Nora Roberts isn’t afraid to tell it like it is. Every time I see or read an interview with her, I’m impressed. Her recurring theme when asked how she manages to pump out five books per year, year after year, is, well…it’s her job.

Or, in typical writer-style emphasis: It’s. Her. Job.

She sits down 5-6 days a week for 6 or more hours and writes. Huh.

You just have to keep writing, even when everything you write sucks, because as she once said, “You can fix a bad page. You can’t fix a blank page.” (Love that quote!)

So, I’m aspiring to be like Nora Roberts. Yes, eventually, a sliver of her success, or more, would be great. But, for now, I’m focusing on being the type of writer she is. Consistent and prolific.

Canceling my Internet service might help.

Why computer monitors are like raisins

Just like two scoops of raisins are better in your bran cereal, two computer monitors are definitely better on your writing desk.

I used the two-monitor trick to great effect when I worked in the technical realm. Now in my ongoing quest to improve my productivity–and make use of that extra screen that’s been lying around–I’m putting the two-monitor method to work in my writing life.

I use a laptop, but on my current desk (read: dining room table), I have a flat screen monitor at the ready that I can plug into my MacBook any time I want another screen.

Why would I possibly want another screen? How about this?

  • Instead of printing the comments your critique partner/contest judge gave you, just move that file to the extra screen and refer to it while you make changes.
  • Open your character profiles or other reference materials and move them to the extra screen so they’re at the ready while you’re typing away.
  • Open your Internet browser on the extra screen and you can reference your findings without leaving your manuscript.

The opportunities for multi-tasking, saving paper, being more productive, and procrastinating are endless!

Just today, I browsed the blogs while checking my Facebook page. Ahem. That is, I updated my query letter based on my critique partner’s comments, without having to switch back and forth between the two documents, or waste paper by printing her file.

What’s your favorite productivity trick?

Query Letter Purgatory

Have I mentioned how much writers hate crafting query letters? Yes? Oh, fine.

Well, maybe it’s just me, but trying to boil my story down to 2-3 paragraphs that will catch an agent’s eye is excruciating.

Today, I spent some time perusing blogs by literary agents Nathan Bransford and Kristin Nelson, looking for inspiration. I also looked at agent Janet Reid’s Query Shark blog. All of these are great resources for the aspiring writer looking to understand the mind of an agent and what he or she is looking for, but in the end, the most help has come from my awesome critique partner, Christine. (Thanks, C!)

I will get a decent letter out there soon, and then the long wait will begin.

While I’m waiting, whatever shall I do? Hmm. Maybe I should write a book…
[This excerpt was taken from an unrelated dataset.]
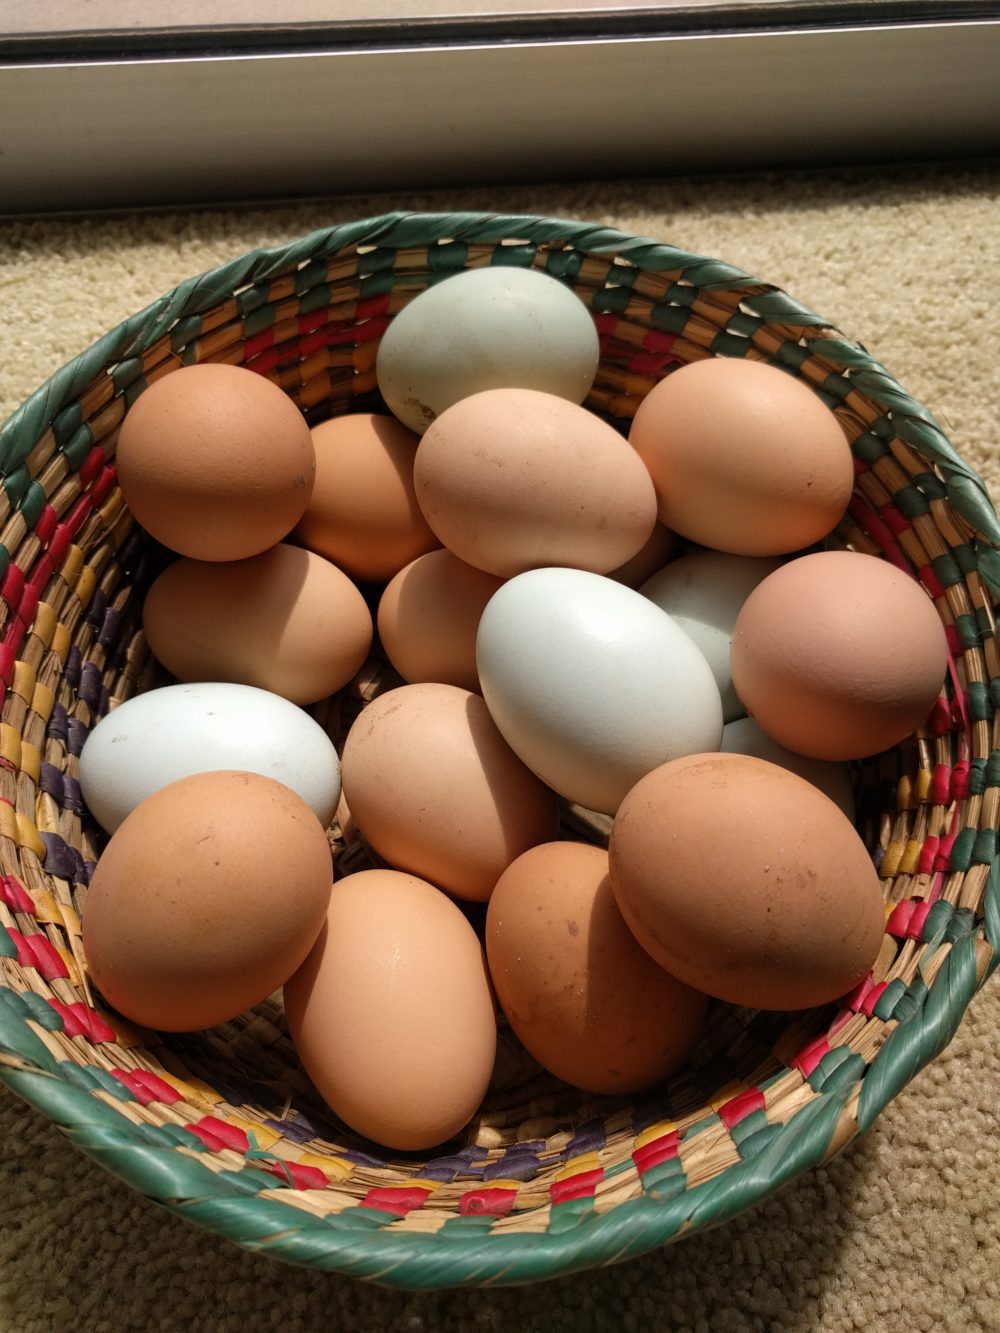 backyard chicken eggs - Greg Alder's Yard Posts: Food ...

My discipline needs a tune-up

“We are what we repeatedly do. Excellence, then, is not an act, but a habit.” – Aristotle

According to success guru, Brian Tracy, it takes 21 days of repetition to form a good habit–although bad ones seem to require a much shorter period! So, how does one form a habit of excellence?
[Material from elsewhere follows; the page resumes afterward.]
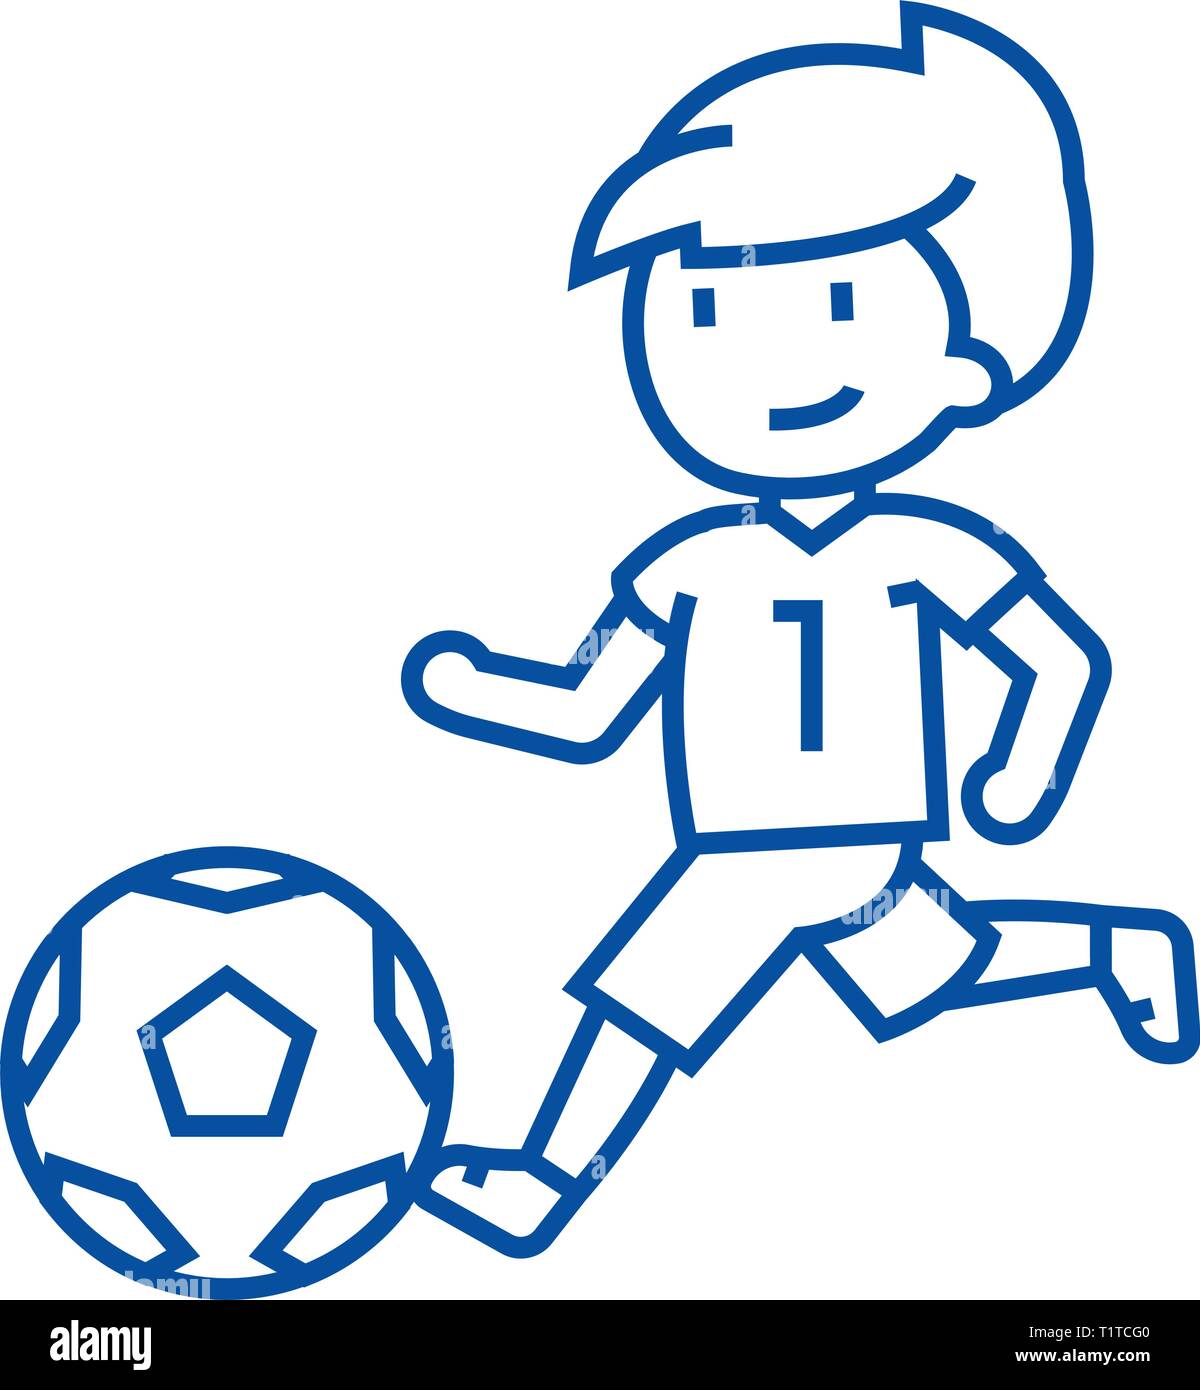 boy kicking ball clipart blue

Discipline! I’ve heard that it takes 10,000 hours of practice to be an expert at something. But continued practice requires discipline. I think my discipline needs a tune-up.

Over the years, Brian Tracy’s books (try Eat That Frog!) and seminars (Try Psychology of Achievement or How to Master Your Time) have helped me increase my productivity with effective time management strategies, ideas for overcoming procrastination, and goal-setting techniques.

I applied these ideas regularly when I worked in the business world, but somehow when I started writing, I threw it all out the window. Other than a to-do list with deadlines, I haven’t been as disciplined or productive as I’d like.

Why? No clue.

So, after a less-than-productive day/week/month (although I did manage to pound out 1,000 words today), I’ve decided to make a daily plan/productivity strategy. It looks something like this…

  1. Write 1,500+ net words/day at least 5 days/week (I track this in a file in Scrivener)
  2. Finish daily goals on to-do list (e.g. write query letter or synopsis, submit contest entry, critique for partner, etc.)
  3. Only check email three times/day (mid-morning, lunch, before bed) unless daily goals are met
  4. Work out early, or wait until afternoon slump
  5. Limit Facebook and blog visits to once/day unless daily goals are met
  6. No reading for fun unless daily goals are met

I’m trying to pay attention to my best times of day to tackle different tasks. For example, I know I am better at writing before 10:30 in the morning, and again in the late afternoon/evening. Other things, like educational reading, working out, or running errands, are best handled during my less productive hours.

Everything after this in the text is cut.